Displaying ASP.NET Core health checks with Grafana and InfluxDB

After finishing my writing about ASP.NET Core health checks I started finding a way how to visual health check results so I can display these on the wall mounted TV or big screen. This blog post introduces how to visualize ASP.NET Core health checks with Grafana and InfluxDB.

About TIG-stack

Visualizing side of systems monitoring can be done using open-source TIG-stack:

  • Telegraf – data collector, reports to Influxdb
  • InfluxDB – time series database, easy to use and intergrate
  • Grafana – web based reporting solution, reads data from Influxdb

I installed these tools to one of my test machines and created simple dashboard to show metrics of same box.

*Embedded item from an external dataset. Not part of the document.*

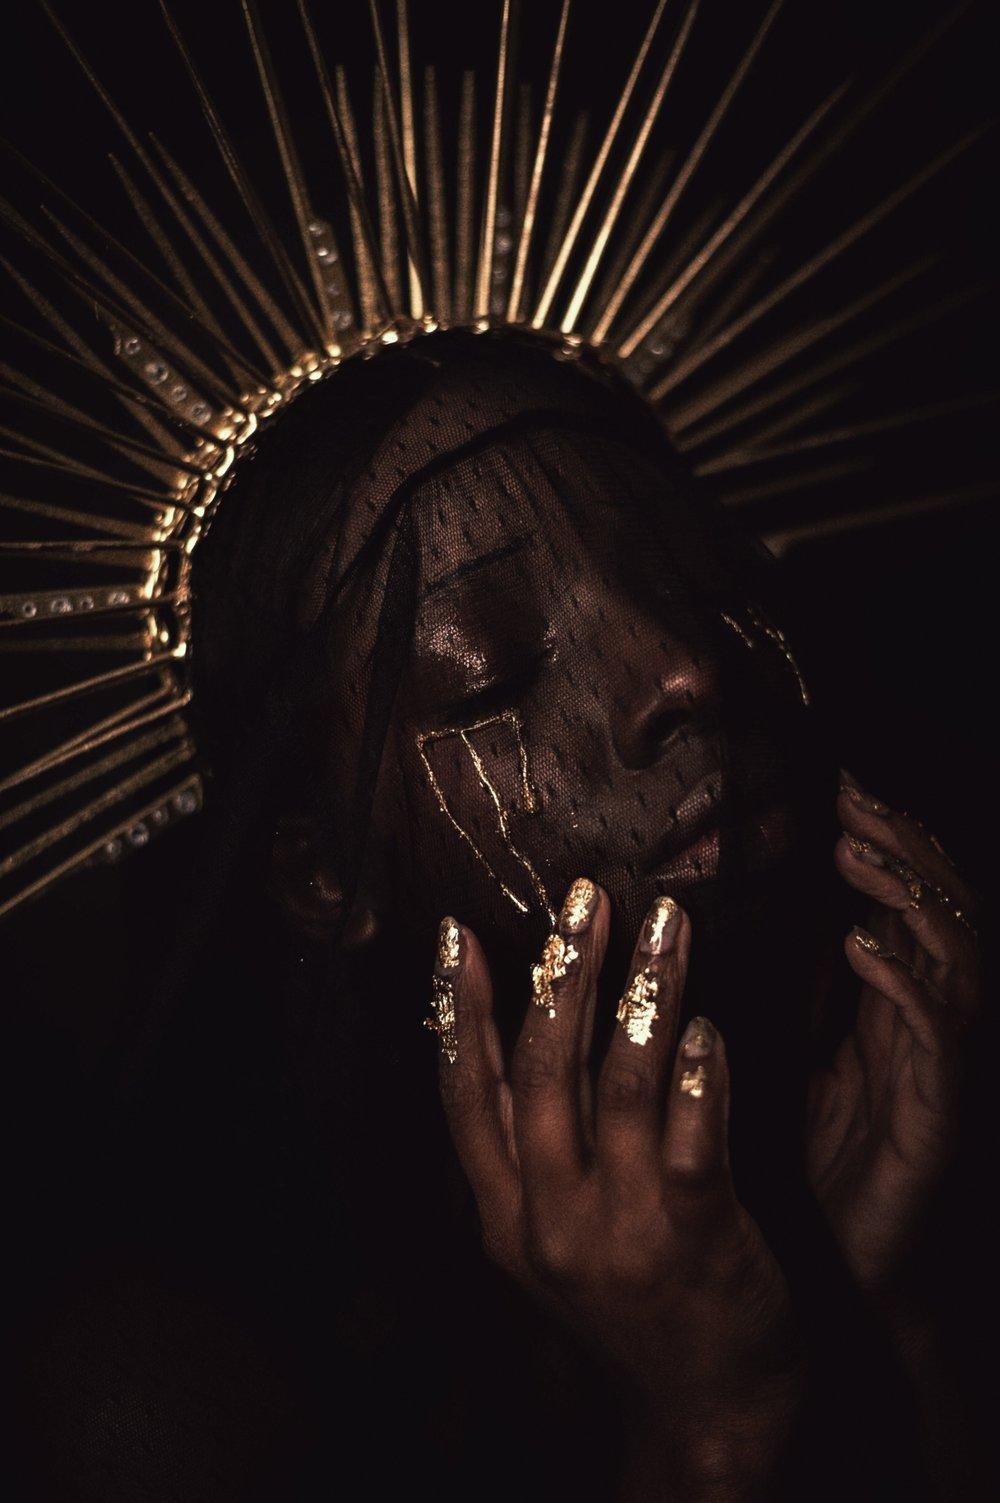 TheGlossier-TashaJames-Halloween-2018-Crying-Saint-Gold-Heavenly-Bodies11.JPG

It’s good to plan few hours of time to get everything running and to build some dashboards and see how things work.

Grafana dashboard

Grafana supports also automatic refreshing of dashboards and those who need more widgets or ready-made reports can download these from Grafana site.

What we are building

Our goal is to build web application that outputs granular health statuses and data collector application that reports these statuses to InfluxDB for Grafana.

Reporting ASP.NET Core health checks to Grafana

Telegraf is here to collect other metrics like CPU, memory and disk space. I don’t stop on these metrics in this post.

Preparing health checks

For this writing I will use ping-based health check from my blog post Avoiding ping flood in ASP.NET Core health checks.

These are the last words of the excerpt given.